Nouvelles
Nigeria
Chrétiens et musulmans
17 mai 2010
Le nouveau président du Nigeria s’appelle Goodluck Jonathan (Bonne chance Jonathan !) et il aura effectivement besoin de beaucoup de chance pour gouverner ce pays ingouvernable ! Vice-président, il a prêté serment le 6 mai, remplaçant Umaru Yar’Adua malade depuis de longs mois et mort la veille.
Goodluck Jonathan est chrétien, succédant à un musulman qui avait lui-même remplacé un chrétien du sud, le général Olusegun Obasanjo. Le vice-président sera musulman.
C’est ainsi, au Nigeria, le pays le plus peuplé d’Afrique (149 millions d’habitants), où chrétiens et musulmans se partagent à peu près par moitié la population, les chrétiens étant majoritaires au sud, les musulmans au nord.
C’est aussi un pays qui a connu nombre d’affrontements religieux sanglants ces trente dernières années, plus précisément dans le nord où la charia a été imposée malgré la neutralité de l’État. Et malgré l’alternance, tous les huit ans, de la présidence entre nord et sud (c’est-à-dire de fait entre musulmans et chrétiens).
Une délégation du Conseil œcuménique des Églises devait se rendre au Nigeria à la fin de la semaine dernière dans la ville et la région de Jos. Cet État, au centre du Nigeria est l’un des plus affectés par les conflits ethniques et interreligieux et plusieurs centaines de gens y ont été tués ces derniers mois. La délégation comptait rencontrer des responsables d’Eglises dans la capitale, Abuja, des personnalités musulmanes engagées dans les efforts de paix et de réconciliation, le gouverneur de l’État de Jos ainsi que le nouveau président.

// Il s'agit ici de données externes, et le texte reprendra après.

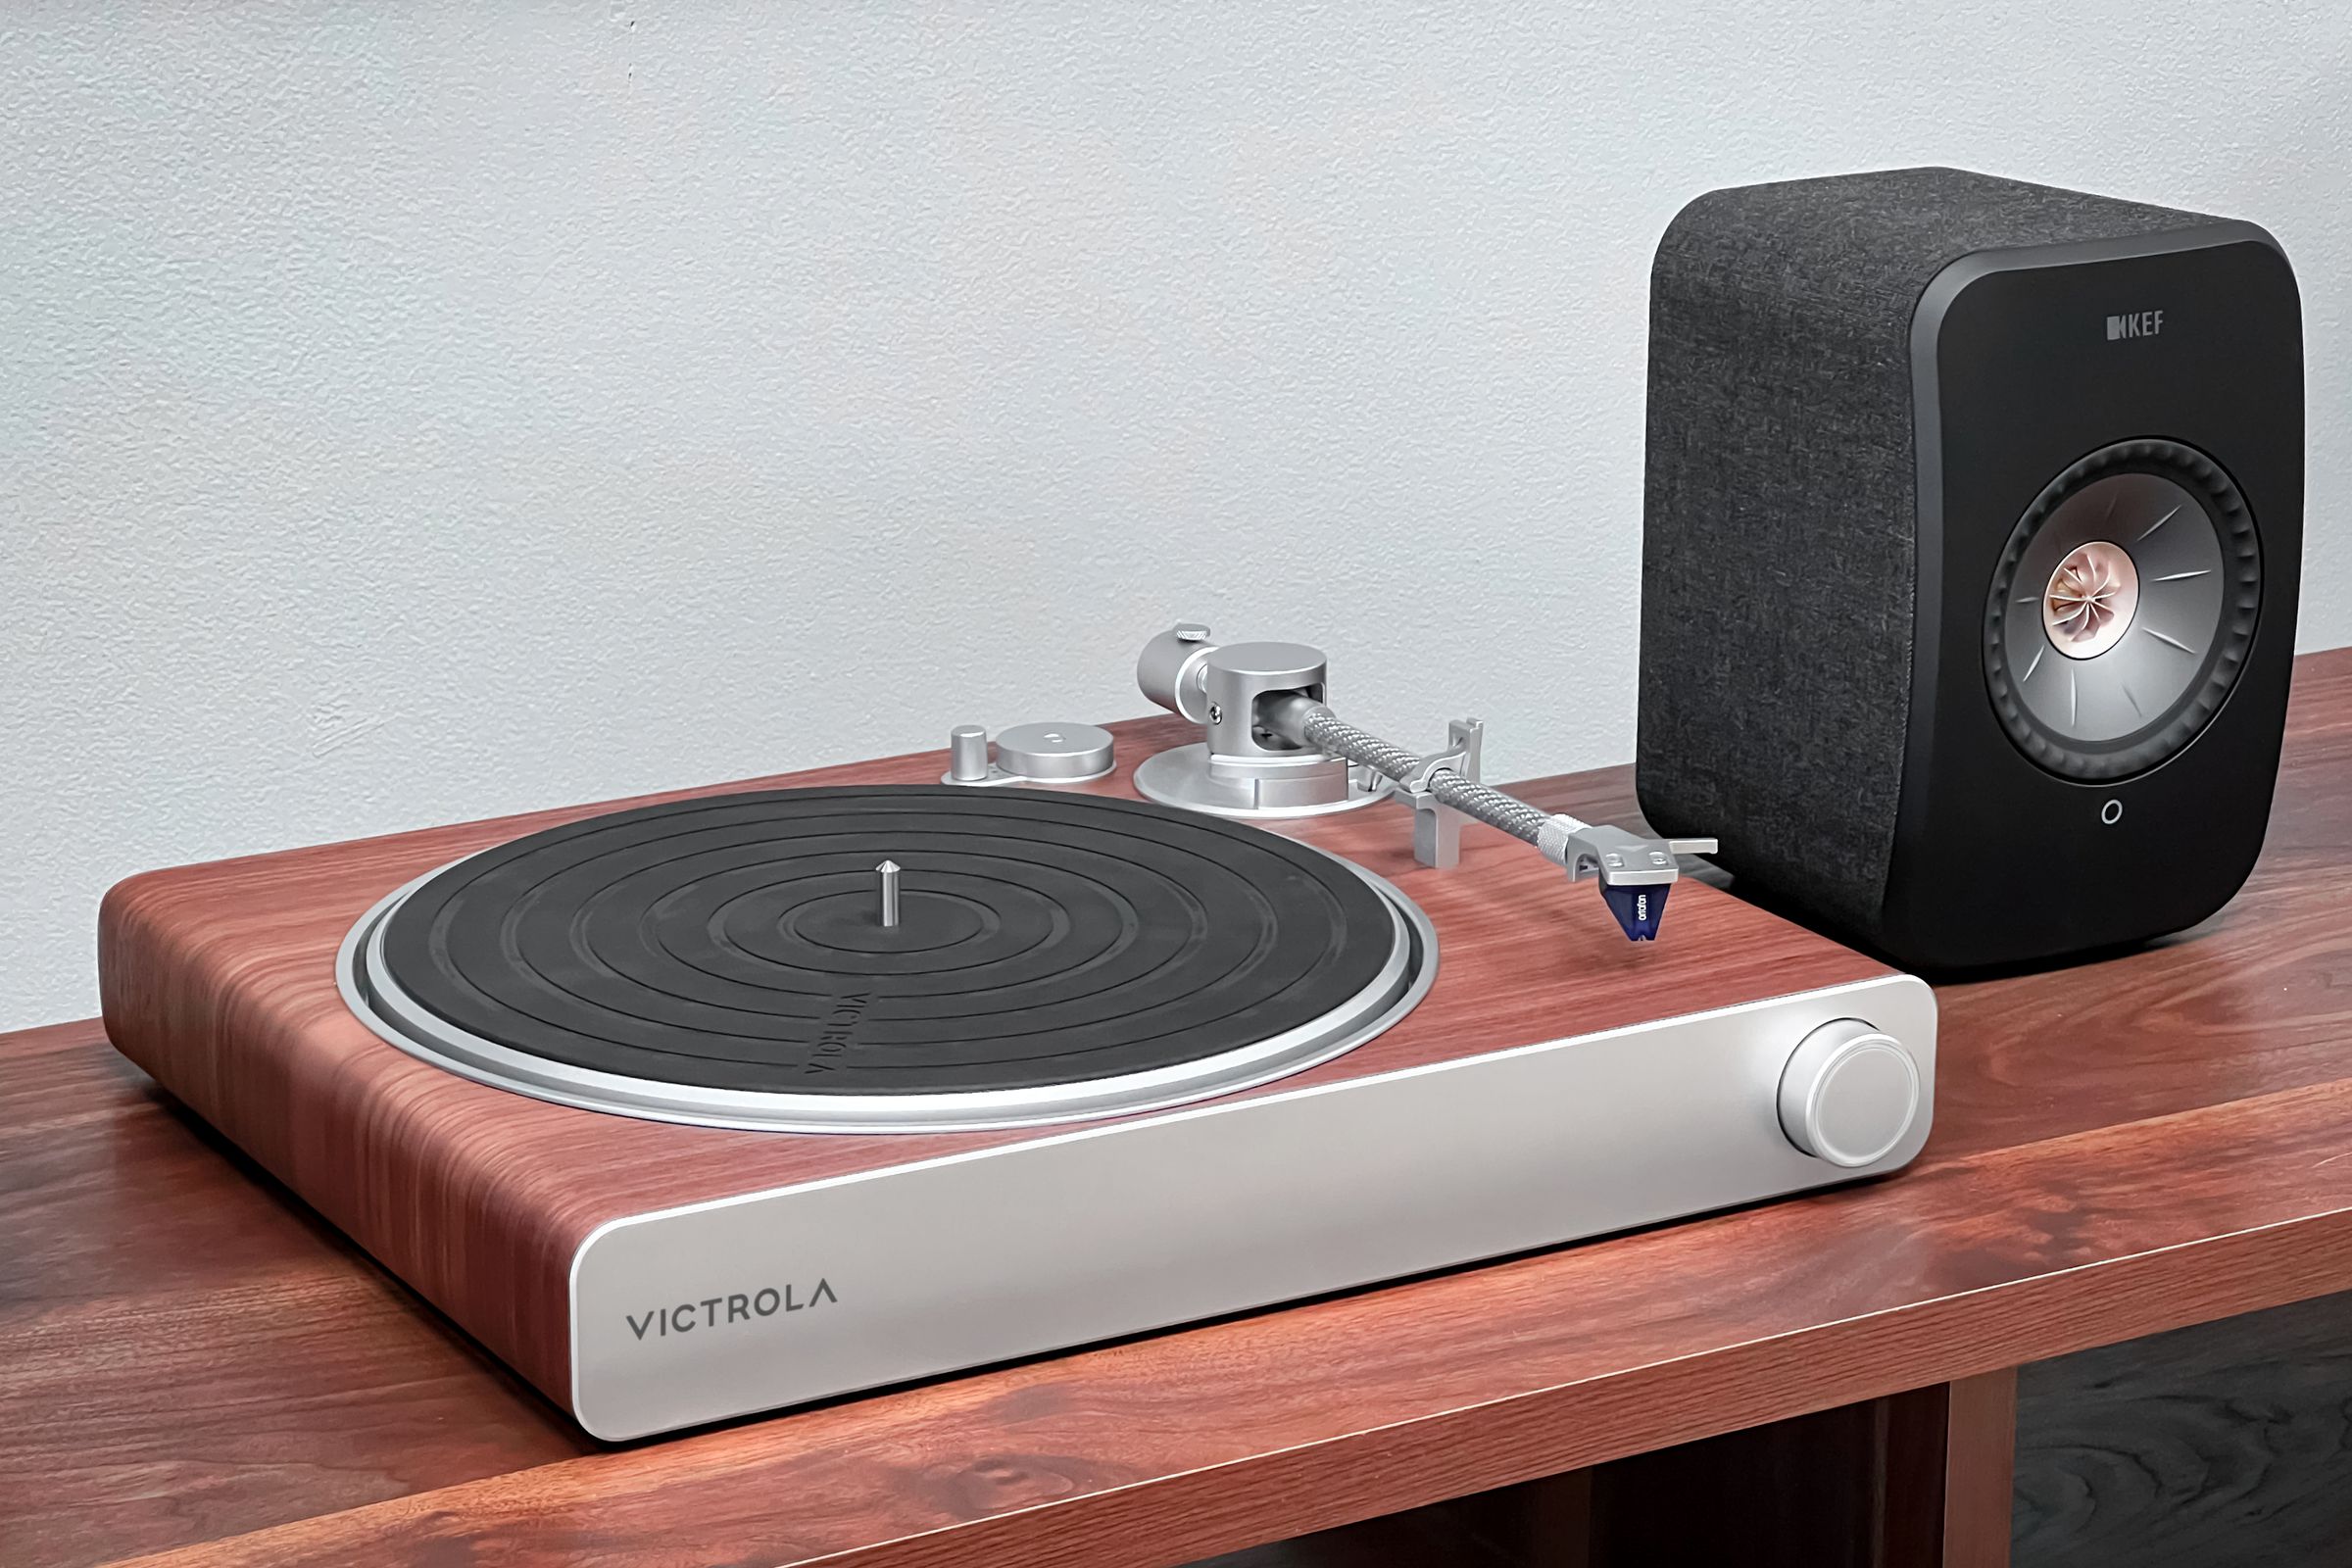 The new wooden Victrola Stream Sapphire turntable resting on a wooden table near a speaker.

Le Nigeria est le premier pays producteur de pétrole du continent. Depuis son indépendance, ce pays a vécu une succession de régimes militaires et civils marqués par la corruption et des atteintes multiples aux droits de l’homme. Le Nigeria est un pays pauvre, la rente pétrolière ne profitant qu’à la minorité au pouvoir.

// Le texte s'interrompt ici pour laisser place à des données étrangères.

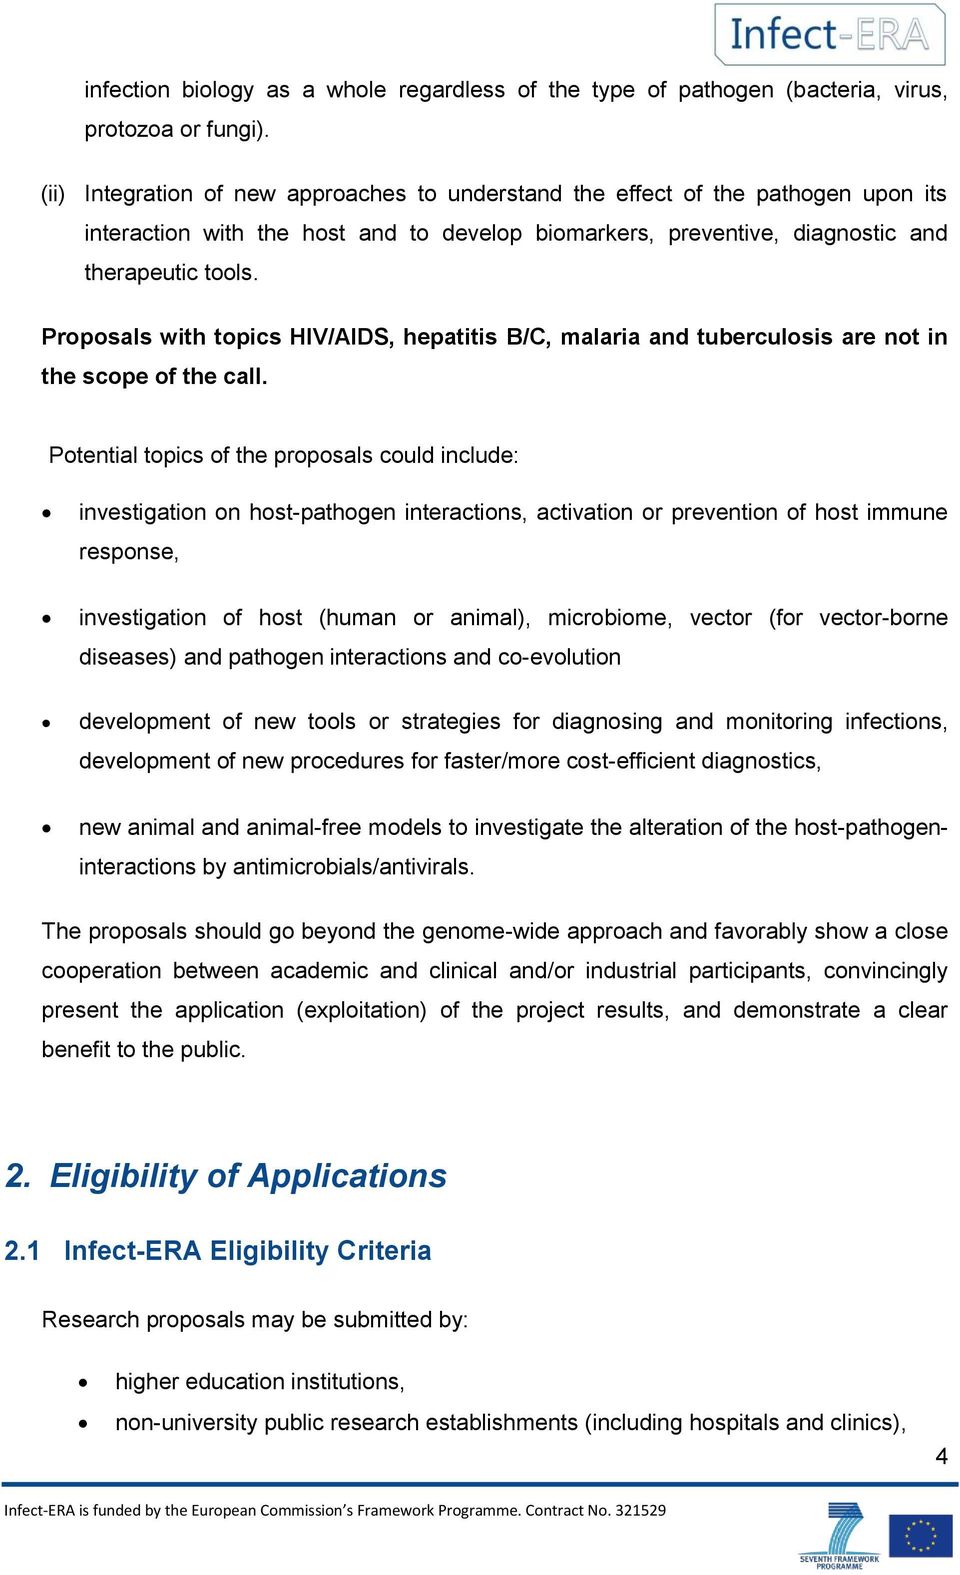 Proposals with topics HIV/AIDS, hepatitis B/C, malaria and tuberculosis are not in the scope of the call.

La pauvreté, la mauvaise gestion, la corruption, ont alimenté les tensions religieuses et ethniques de ces dernières années et sont cause de graves violations des droits de l’homme.
La délégation qui visite le Nigeria fait partie de la « Décennie : vaincre la violence », un mouvement initié par le Conseil œcuménique des Églises. La délégation au Nigeria entre dans ce cadre d’équipes œcuméniques qui visitent les Églises membres du Conseil œcuménique pour les encourager à partager leurs expériences, et à s'engager dans la vie publique pour promouvoir la résolution non violente des conflits, la réconciliation et le pardon. Cette « Décennie : vaincre la violence » se terminera en mai 2011 par un « Rassemblement œcuménique pour la paix », à Kingston en Jamaïque.